Building a new DB, current time: 09/24/2018 11:08:16
New DB name:   NCBI_PlasmidCluster_TophitsSeqs.fasta.DB
New DB title:  NCBI_PlasmidCluster_TophitsSeqs_1NoCommas.fasta
Sequence type: Nucleotide
Keep MBits: T

Maximum  size: 1000000000B
Adding sequences from FASTA; added 4 sequences in 0.00210285 seconds.

Segmentation fault (core dumped)

2) Now let's try removing brackets in fasta headers


$ sed 's/[()]/_/g' NCBI_PlasmidCluster_TophitsSeqs_1NoCommas.fasta >NCBI_PlasmidCluster_TophitsSeqs_2NoBrackets.fasta


$ makeblastdb -in NCBI_PlasmidCluster_TophitsSeqs_2NoBrackets.fasta -dbtype nucl -out NCBI_PlasmidCluster_TophitsSeqs.fasta.DB -parse_seqids


Building a new DB, current time: 09/24/2018 11:11:39

New DB name:   NCBI_PlasmidCluster_TophitsSeqs.fasta.DB
New DB title:  NCBI_PlasmidCluster_TophitsSeqs_2NoBrackets.fasta
Sequence type: Nucleotide
Keep MBits: T
Maximum  size: 1000000000B 
Adding sequences from FASTA; added 4 sequences in 0.00201416 seconds.

Segmentation fault (core dumped)

3. Shorten the header - This has worked!!


$ cat NCBI_PlasmidCluster_TophitsSeqs_2NoBrackets.fasta | cut -f1 -d ";" >NCBI_PlasmidCluster_TophitsSeqs_3_Shortened.fasta


$ makeblastdb -in NCBI_PlasmidCluster_TophitsSeqs_3_Shortened.fasta -dbtype nucl -out NCBI_PlasmidCluster_TophitsSeqs.fasta.DB -parse_seqids



Building a new DB, current time: 09/24/2018 11:19:48

New DB name:   NCBI_PlasmidCluster_TophitsSeqs.fasta.DB
New DB title:  NCBI_PlasmidCluster_TophitsSeqs_3_Shortened.fasta
Sequence type: Nucleotide
Keep MBits: T
Maximum  size: 1000000000B

Adding sequences from FASTA; added 4 sequences in 0.00199008 seconds.


Appears like makeblastdb has a limit for the length for the headers in fasta. Should take note of it!
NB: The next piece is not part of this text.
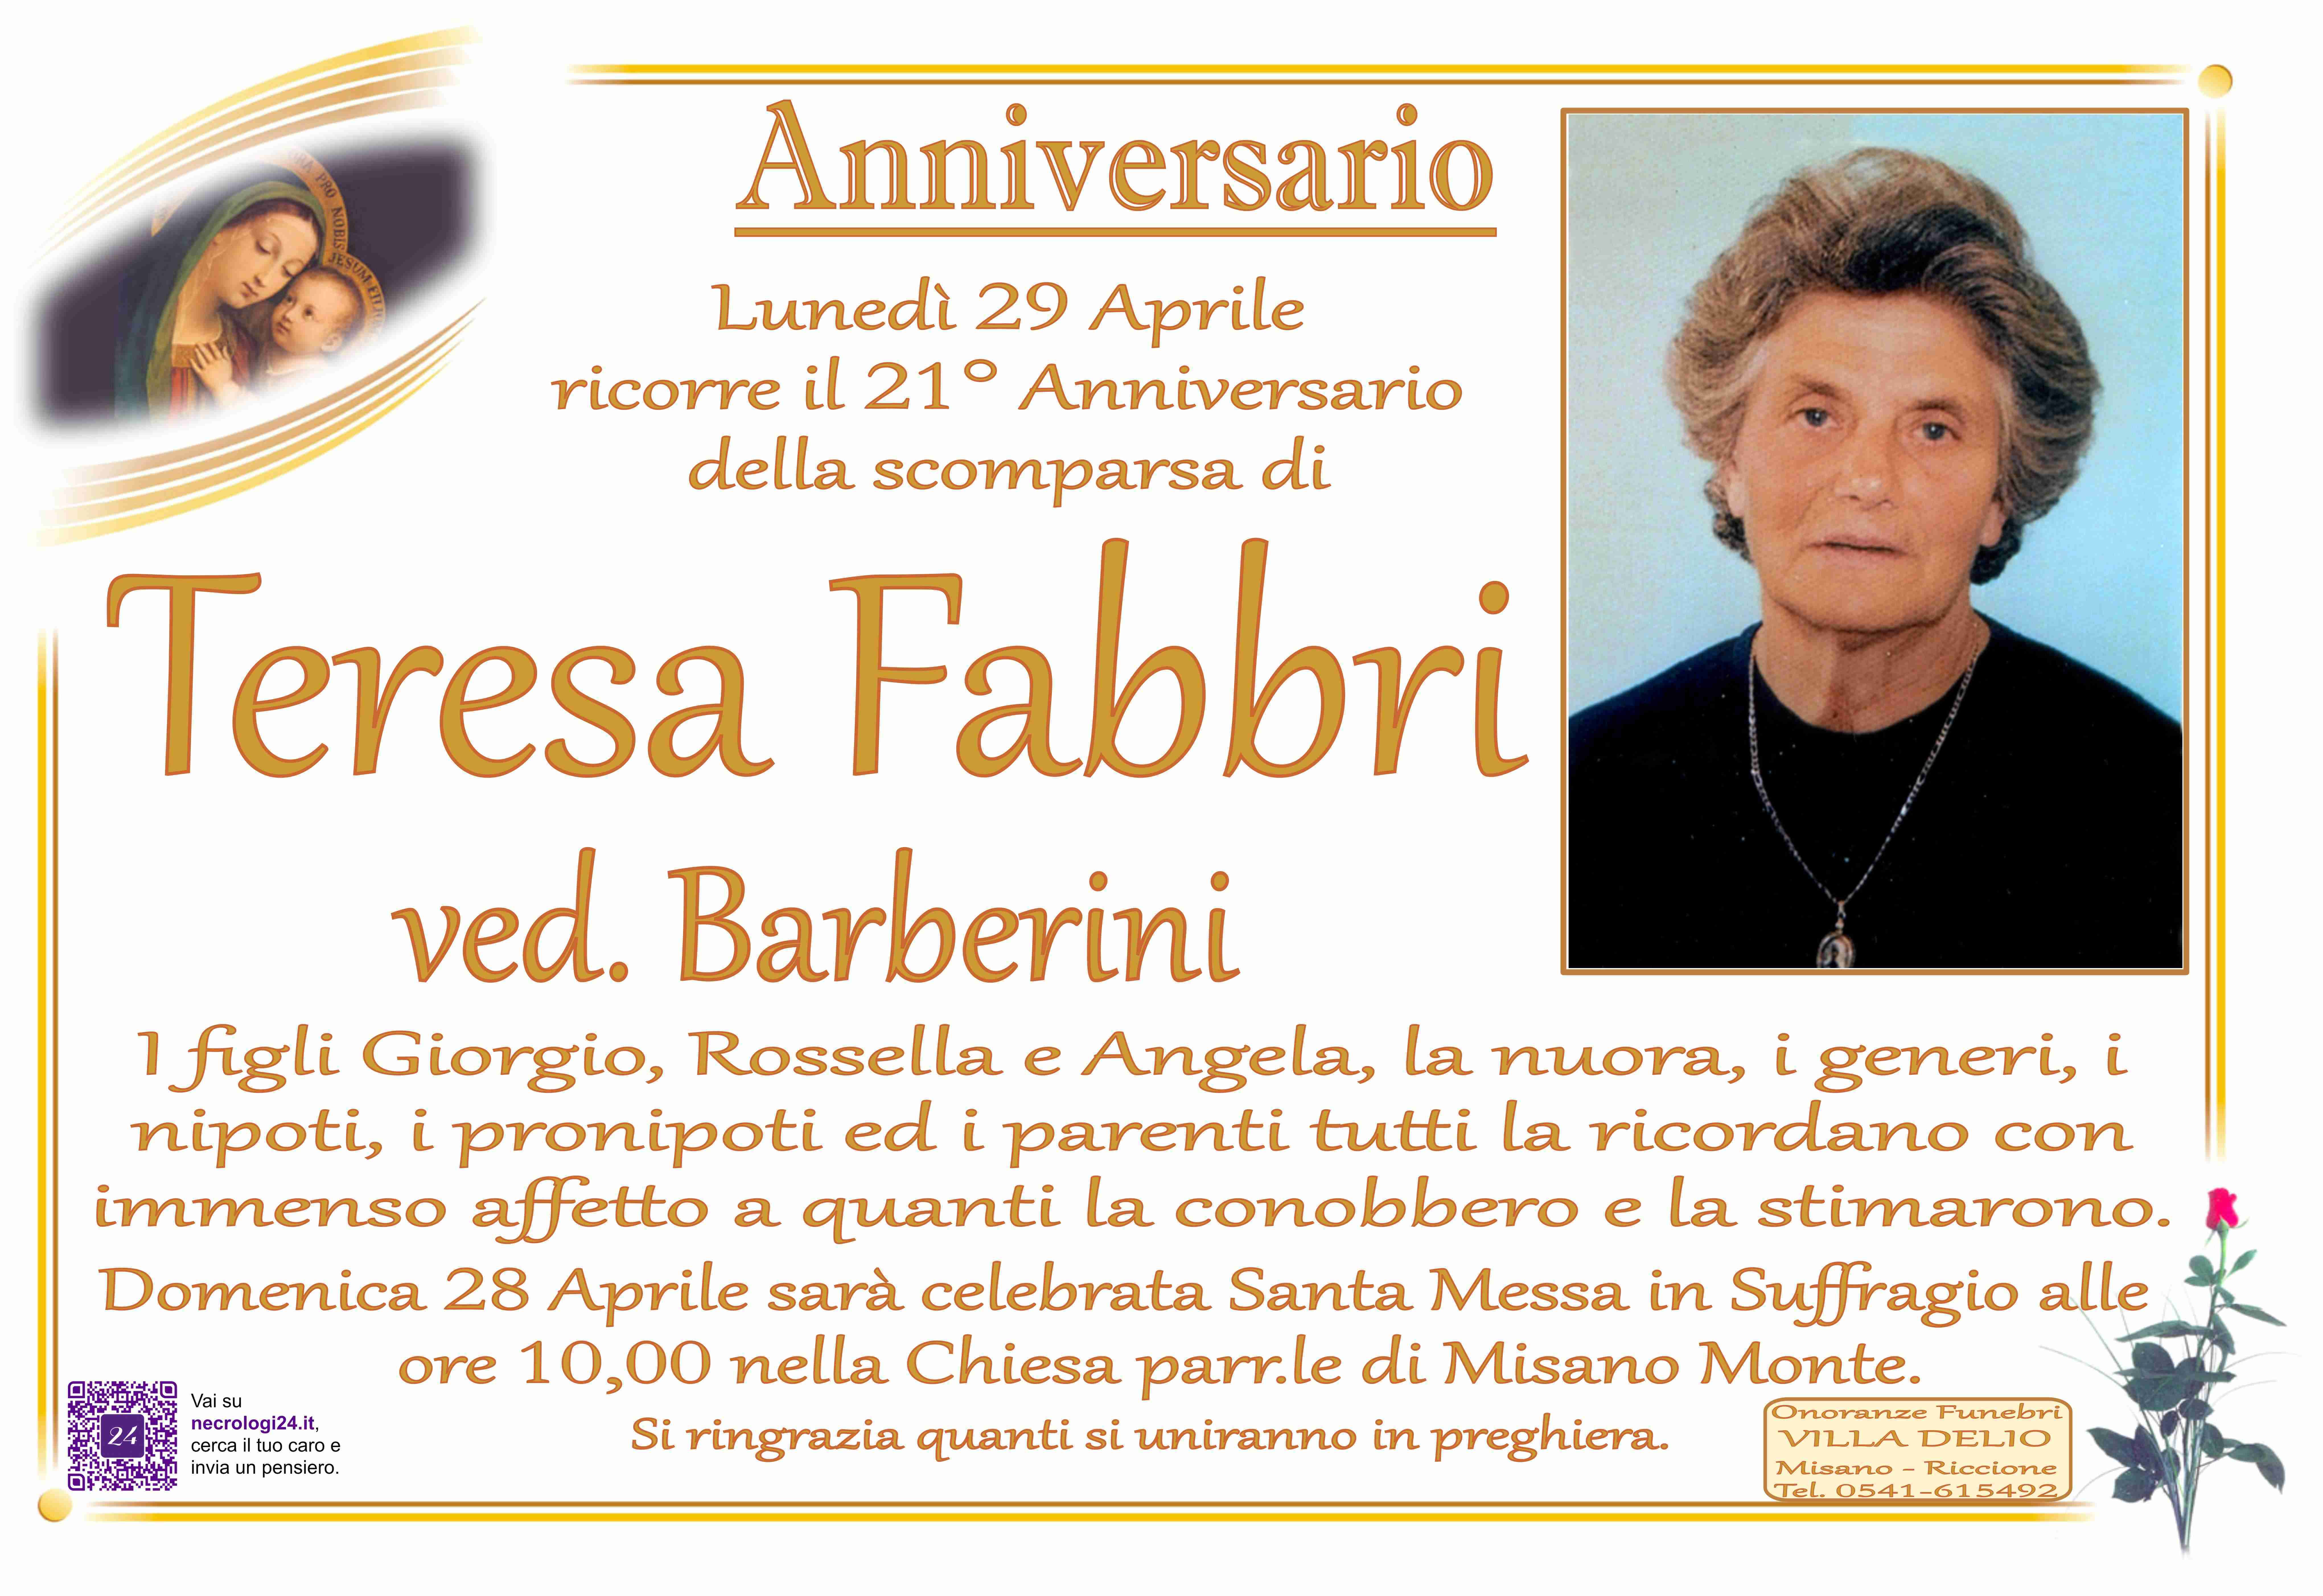 Teresa Fabbri ved. Barberini
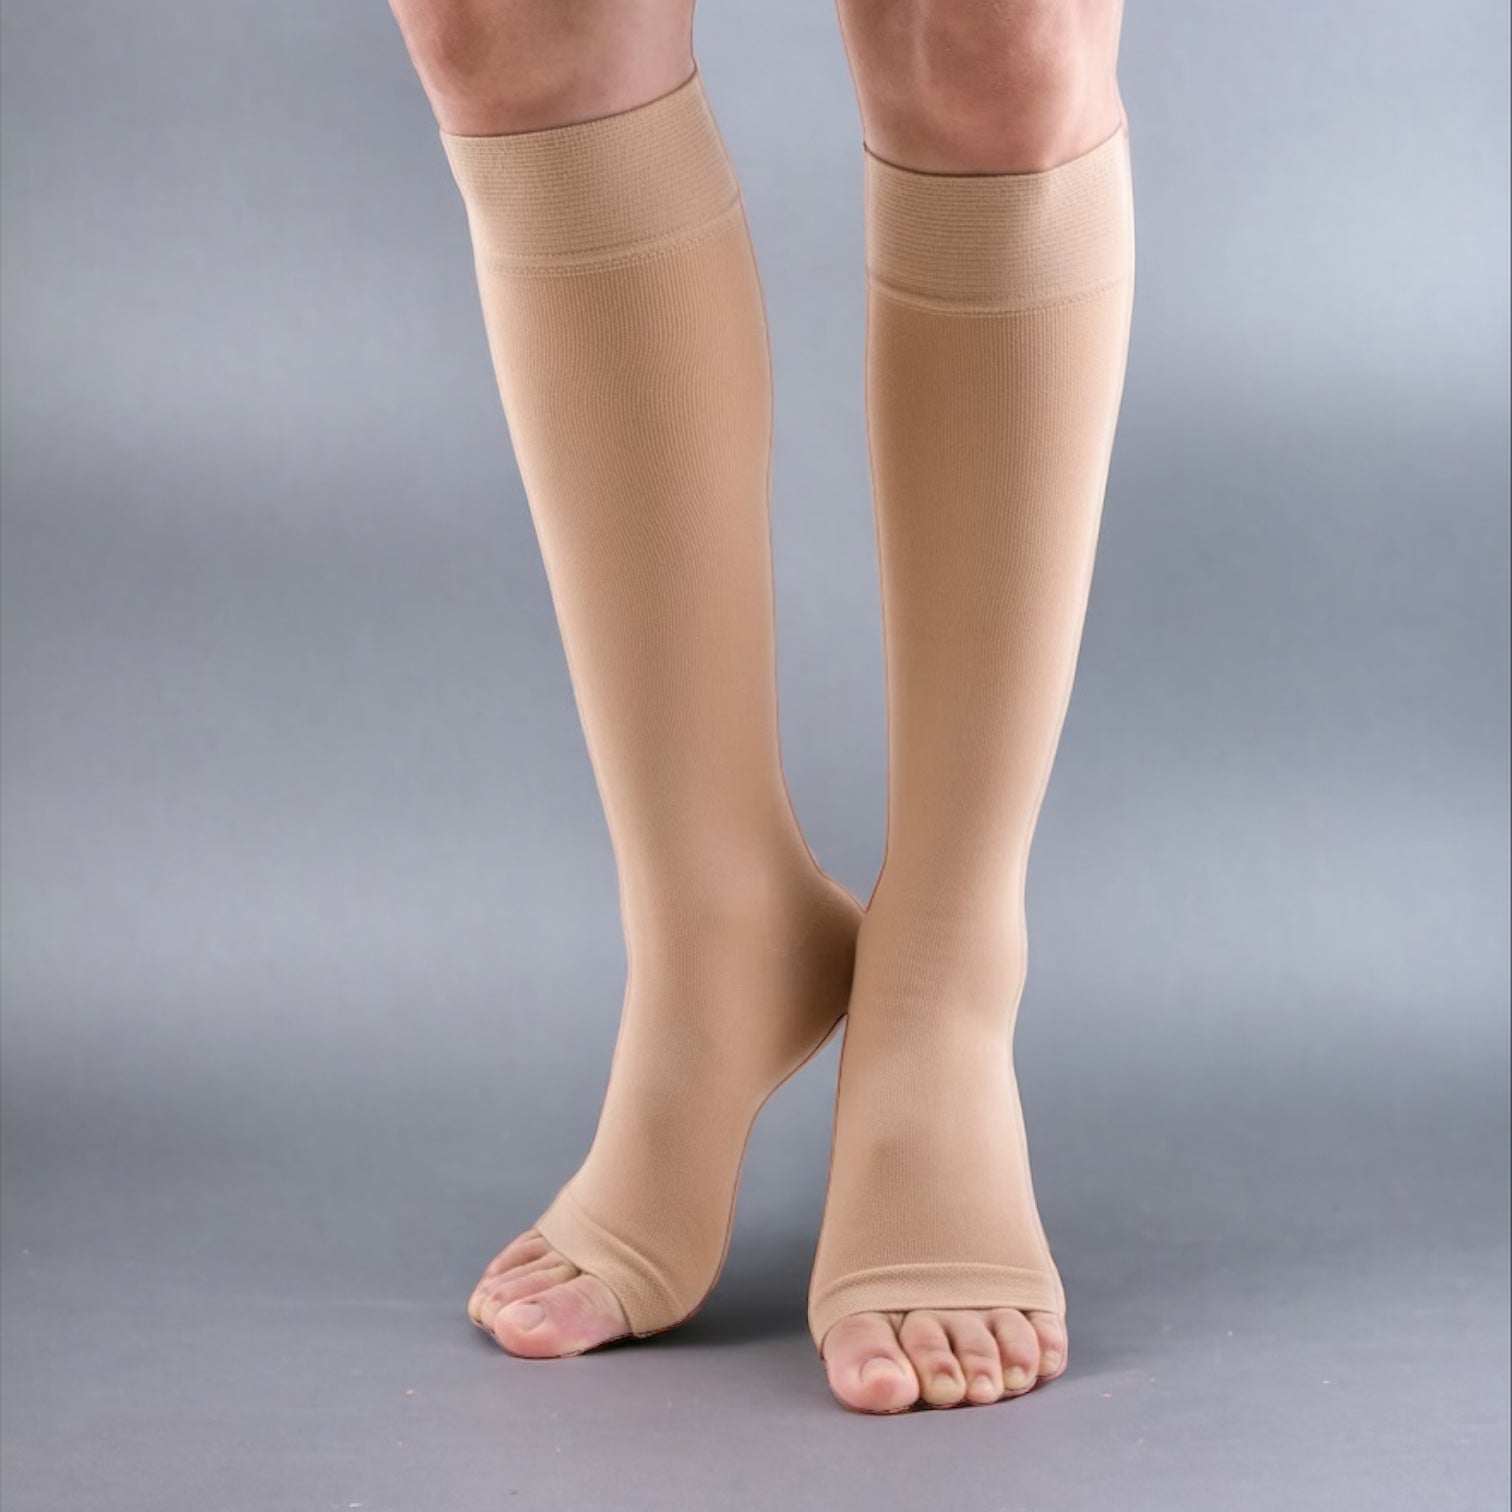 Jaesoul Medical Certified Compression Socks

Wednesday, September 19, 2018

BLASTN Error: NCBI C++ Exception

Ran into this error today morning.


Error: NCBI C++ Exception:
    T0 "/home/coremake/release_build/build/PrepareRelease_Linux64-Centos_JSID_01_380670_130.14.18.6_9008__PrepareRelease_Linux64-Centos_1508370803/c++/compilers/unix/../../src/serial/objistrasnb.cpp", line 179: Error: ncbi::CObjectIStreamAsnBinary::UnexpectedTagClassByte() - byte 0: unexpected tag: application/constructed/11 (107), should be constructed/None (32) ( at Blast-def-line-set[])


Found that incomplete or corrupted database causes this problem. I had two copies of the same NT database, so I ran md5sum for each of the file in the database and found the md5sum of one of the file was not same. (see below)

 
the long string above is md5sum,file name. - Note the md5sums of the same file are not same.

So just copied the nt.00.nhr file from the archive and blast worked without trouble. If not, you have to download the database again or run makeblastdb again on the fasta sequences.